In order to test goodness of fit I performed Likelihood Ratio Test, Pseudo R^2 and Hosmer-Lemeshow Test.
A logistic regression is said to provide a better fit to the data if it demonstrates an improvement over a model with fewer predictors. This is performed using the likelihood ratio test, which compares the likelihood of the data under the full model against the likelihood of the data under a model with fewer predictors. Removing predictor variables from a model will almost always make the model fit less well, but it is necessary to test whether the observed difference in model fit is statistically significant.
I stated the following hypothesis:
Null hypothesis: reduced model is true Alternative hypothesis: reduced model is false
I compared final regression model generated by step function with initial null model and model with fewer predictors.
#the model with fewer predictors
model_fewer_pred <- glm(formula = loan_status ~ grade + dti + loan_amnt + home_ownership + term + emp_length + int_rate, family = binomial(link = "logit"), data = full_data)
#optimal model vs null model
anova(final.model, model.null, test ="Chisq")
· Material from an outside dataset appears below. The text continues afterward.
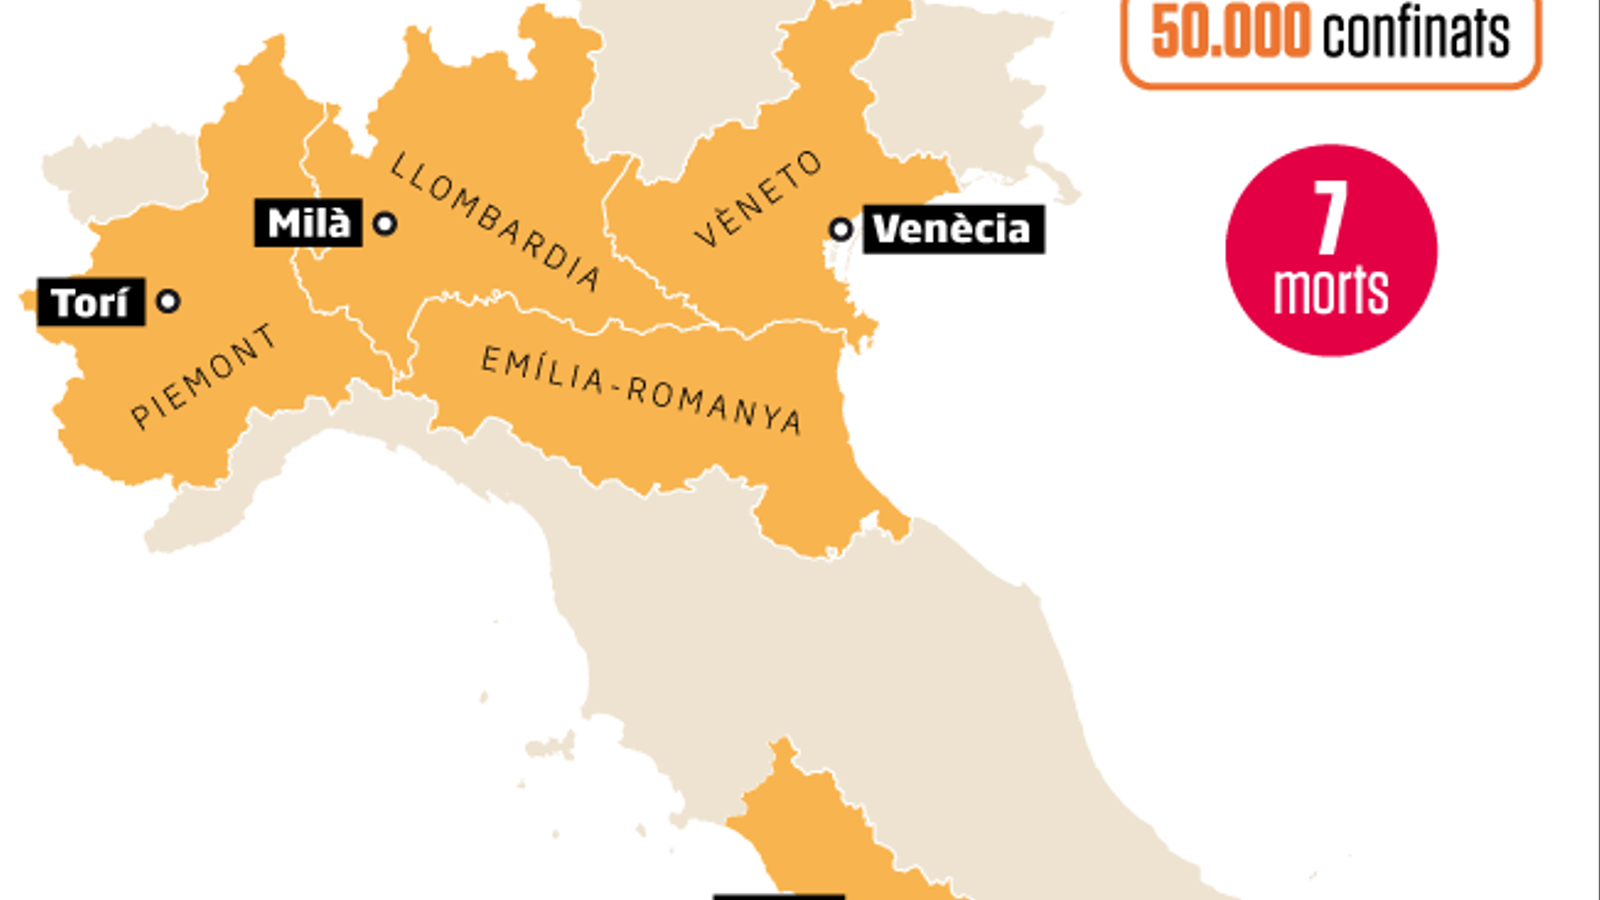 Set morts pel coronavirus a Itàlia

## Analysis of Deviance Table
##
## Model 1: loan_status ~ grade + dti + home_ownership + term + emp_length +
## int_rate + delinq_2yrs + total_acc + open_acc + annual_inc +
## revol_util + verification_status + inq_last_6mths + collections_12_mths_ex_med +
## installment + mths_since_last_delinq + pub_rec + mths_since_last_major_derog
## Model 2: loan_status ~ 1
## Resid. Df Resid. Dev Df Deviance Pr(>Chi)
## 1 36185 35349
## 2 36221 38610 -36 -3260.5 < 2.2e-16 ***
## ---
## Signif. codes: 0 '***' 0.001 '**' 0.01 '*' 0.05 '.' 0.1 ' ' 1
#optimal model vs the model with fewer predictors
anova(final.model, model_fewer_pred, test ="Chisq")
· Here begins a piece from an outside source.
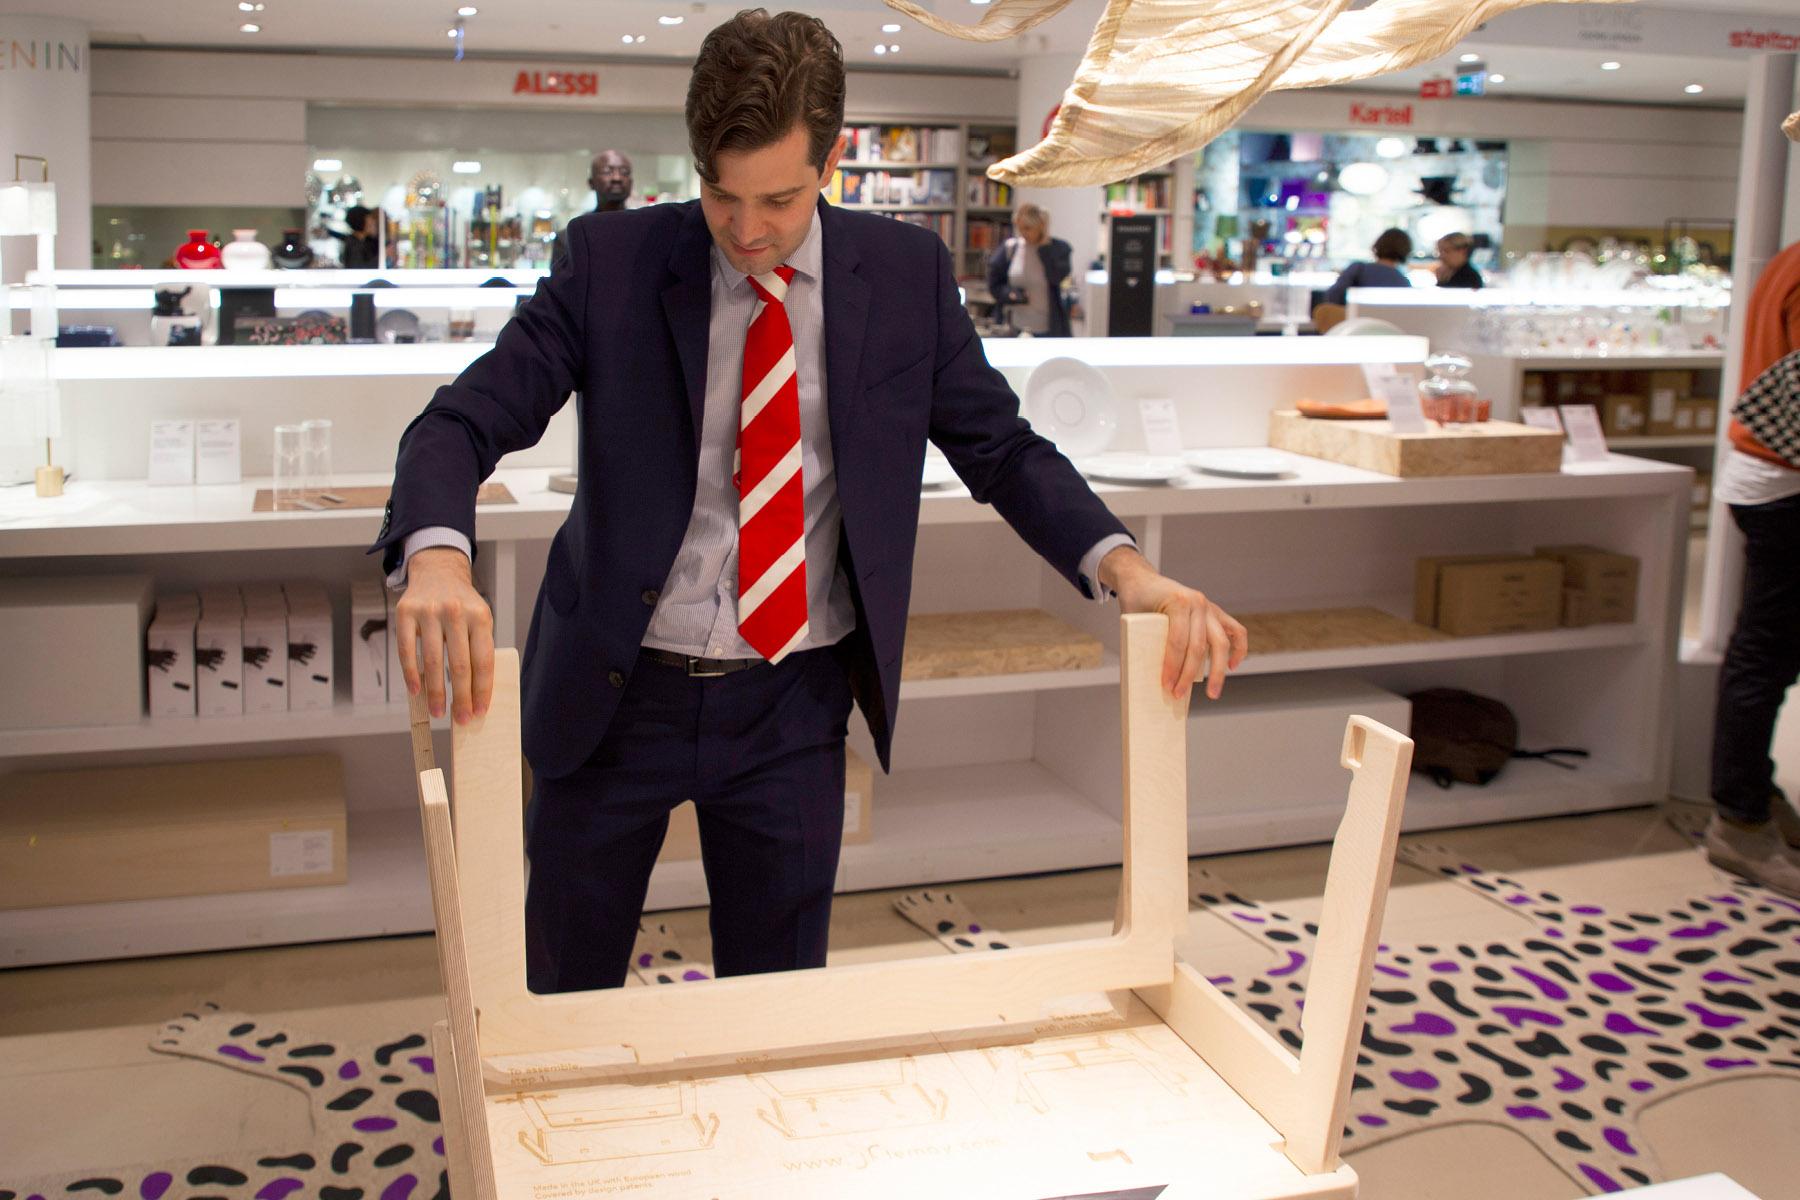 Jean-François assembling a coffee table
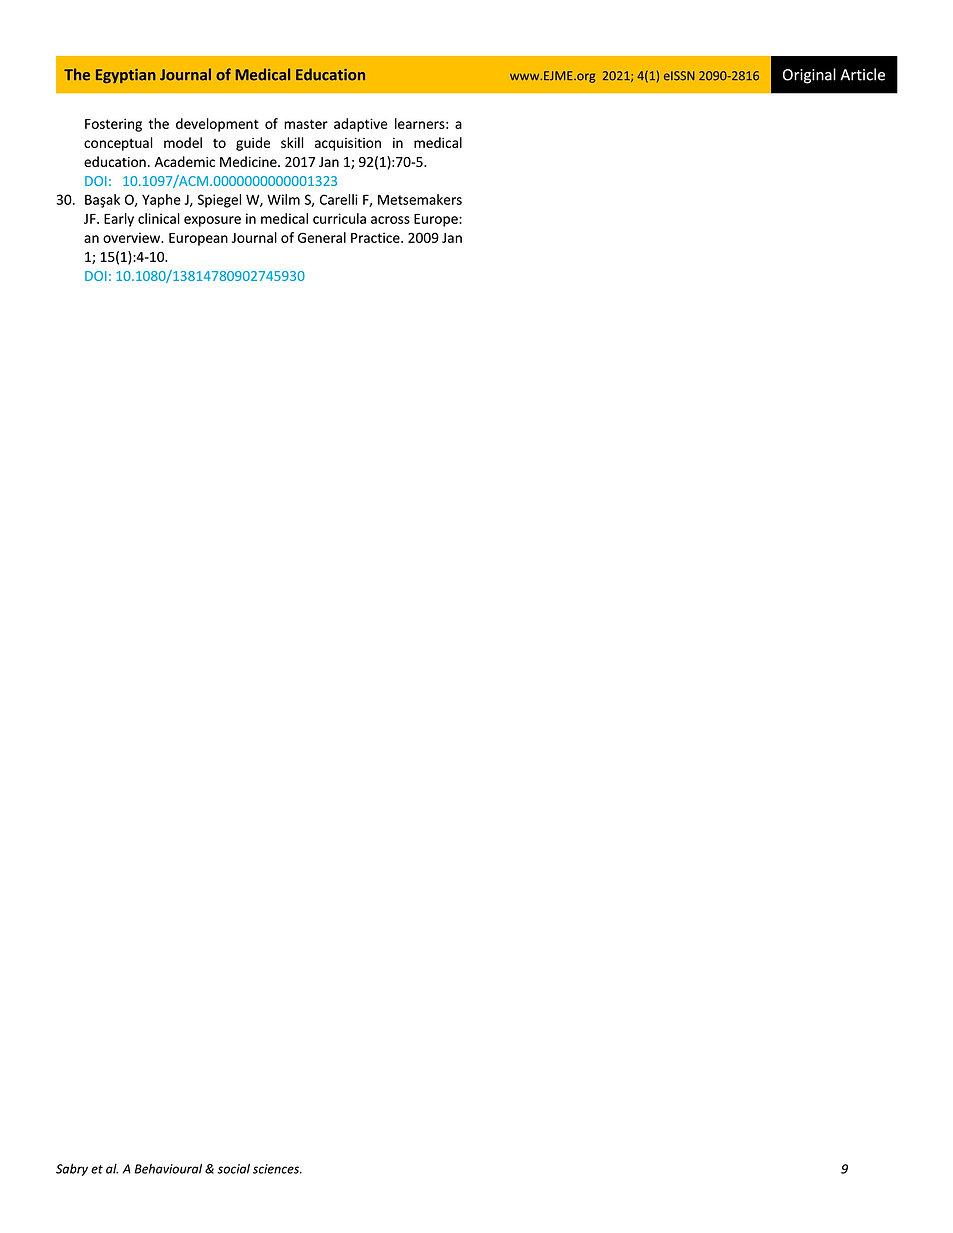 B&SS paper EJME template_9.jpg

## Analysis of Deviance Table
##
## Model 1: loan_status ~ grade + dti + home_ownership + term + emp_length +
## int_rate + delinq_2yrs + total_acc + open_acc + annual_inc +
## revol_util + verification_status + inq_last_6mths + collections_12_mths_ex_med +
## installment + mths_since_last_delinq + pub_rec + mths_since_last_major_derog
## Model 2: loan_status ~ grade + dti + loan_amnt + home_ownership + term +
## emp_length + int_rate
## Resid. Df Resid. Dev Df Deviance Pr(>Chi)
## 1 36185 35349
## 2 36197 35615 -12 -265.64 < 2.2e-16 ***
## ---
## Signif. codes: 0 '***' 0.001 '**' 0.01 '*' 0.05 '.' 0.1 ' ' 1
In both cases the null hypothesis is rejected (as p-value is less than significance level of 5%). It would provide evidence against the reduced model in favor of the final model.
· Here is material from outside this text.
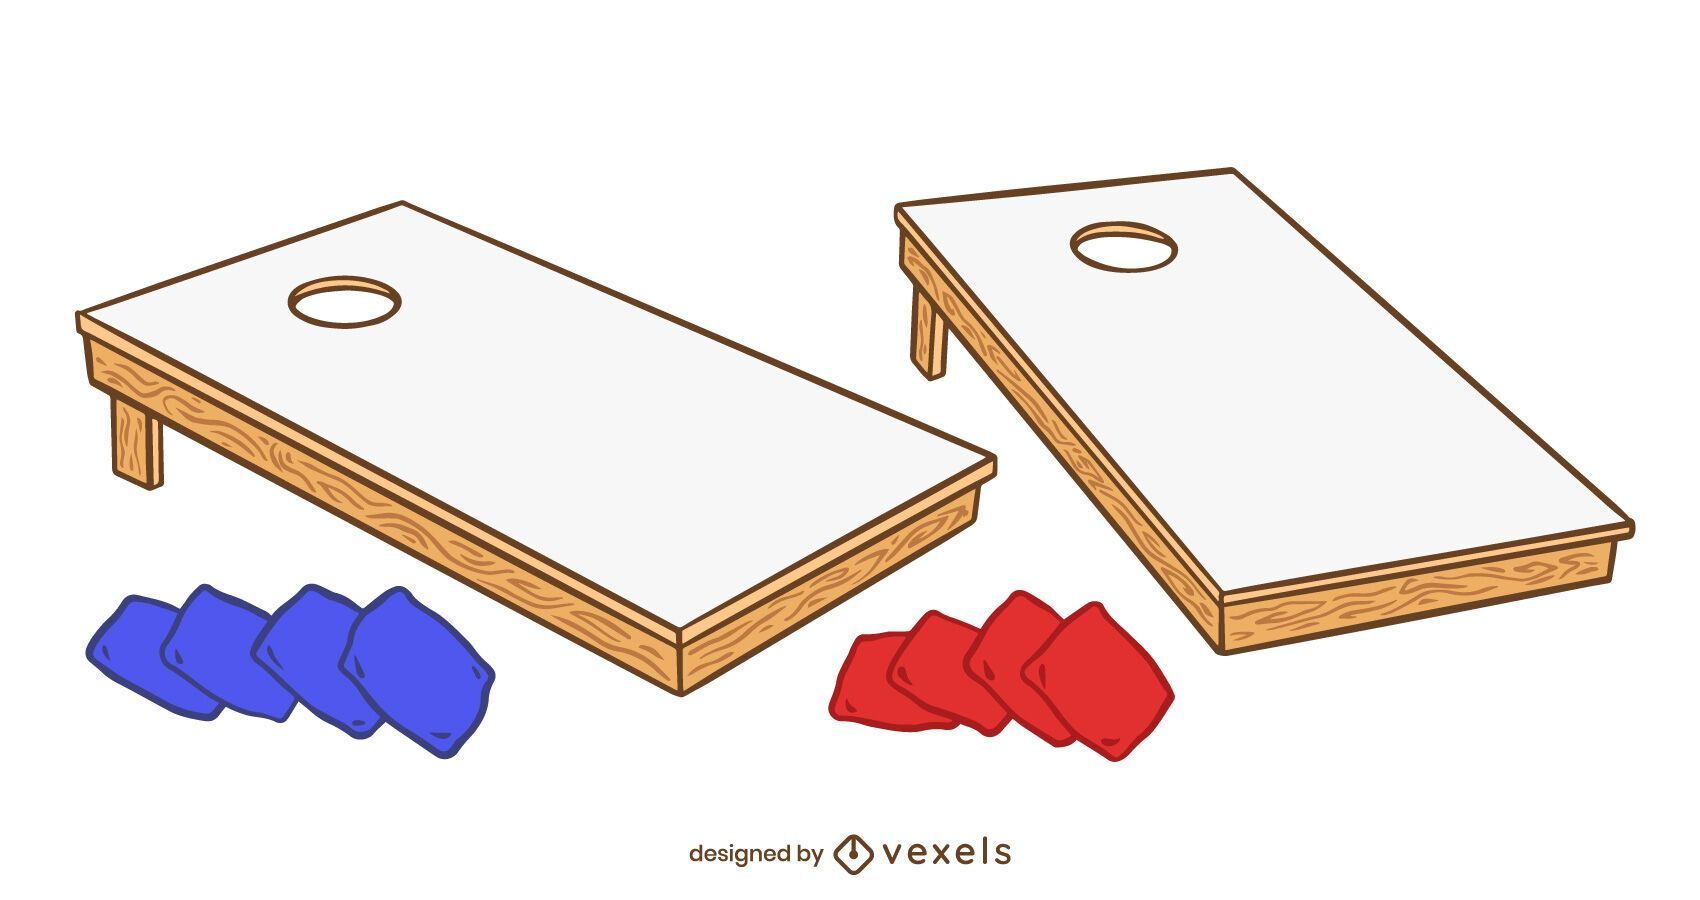 Cornhole elements set
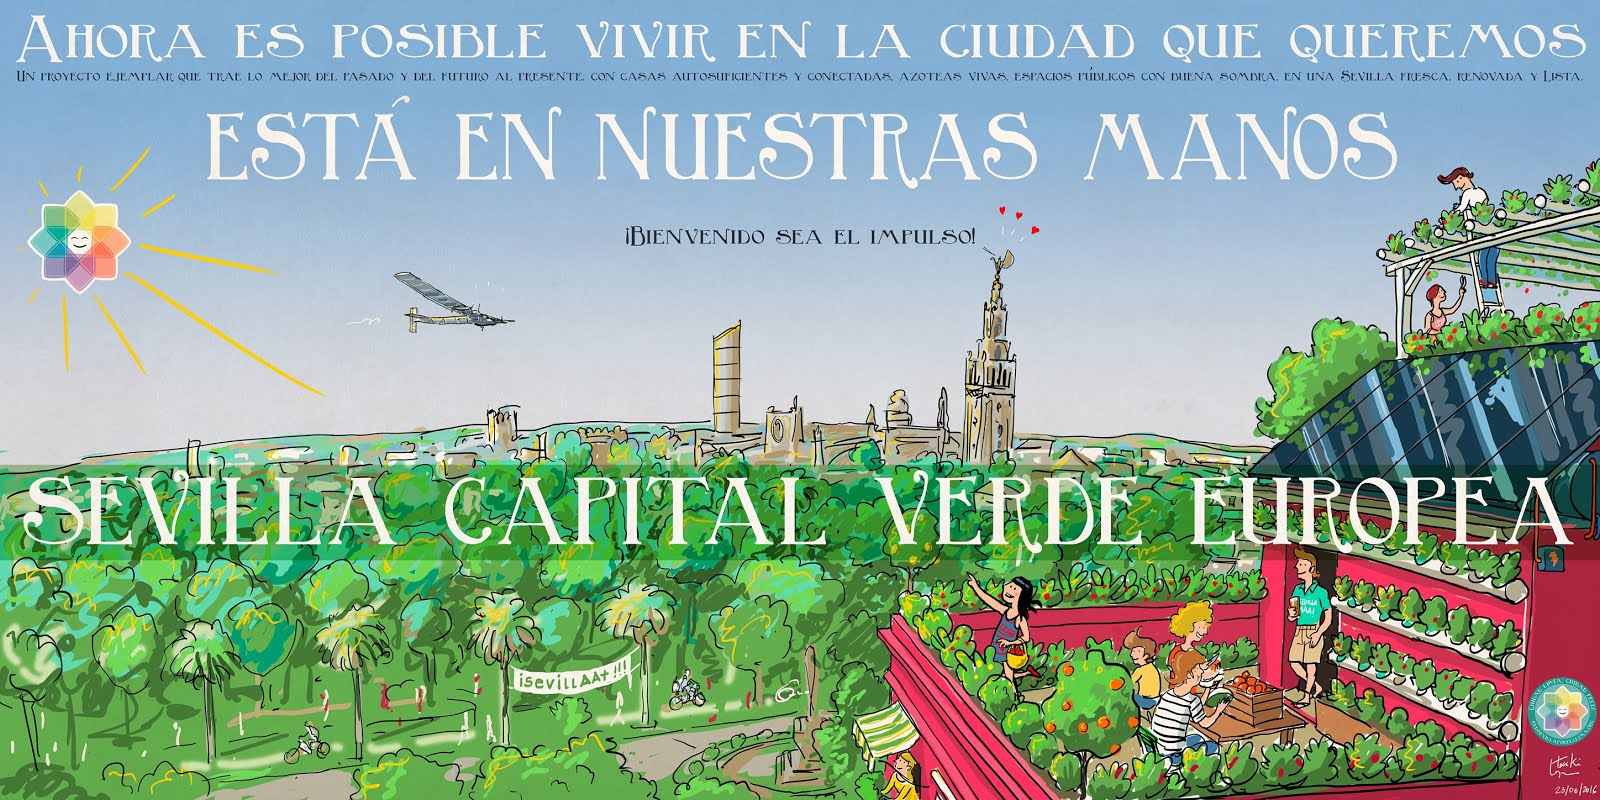 Sevilla, ciudad candidata a la Capital Verde Europea

Unlike linear regression with ordinary least squares estimation, there is no R-squire statistic which explains the proportion of variance in the dependent variable that is explained by the predictors. However, there are a number of pseudo R2-squire metrics that could be of value. Most notable is McFadden’s R-squire. It measures ranges from 0 to just under 1, with values closer to zero indicating that the model has no predictive power.
pR2(final.model)
## llh llhNull G2 McFadden r2ML
## -1.767462e+04 -1.930490e+04 3.260549e+03 8.444875e-02 8.608317e-02
## r2CU
## 1.313065e-01
The test showed that the model has no predictive power since the value of r2CU is close to 0.
Another approach to determining the goodness of fit is through the Homer-Lemeshow statistics, which is computed on data after the observations have been segmented into groups based on having similar predicted probabilities. It examines whether the observed proportions of events are similar to the predicted probabilities of occurrence in subgroups of the data set using a pearson chi square test.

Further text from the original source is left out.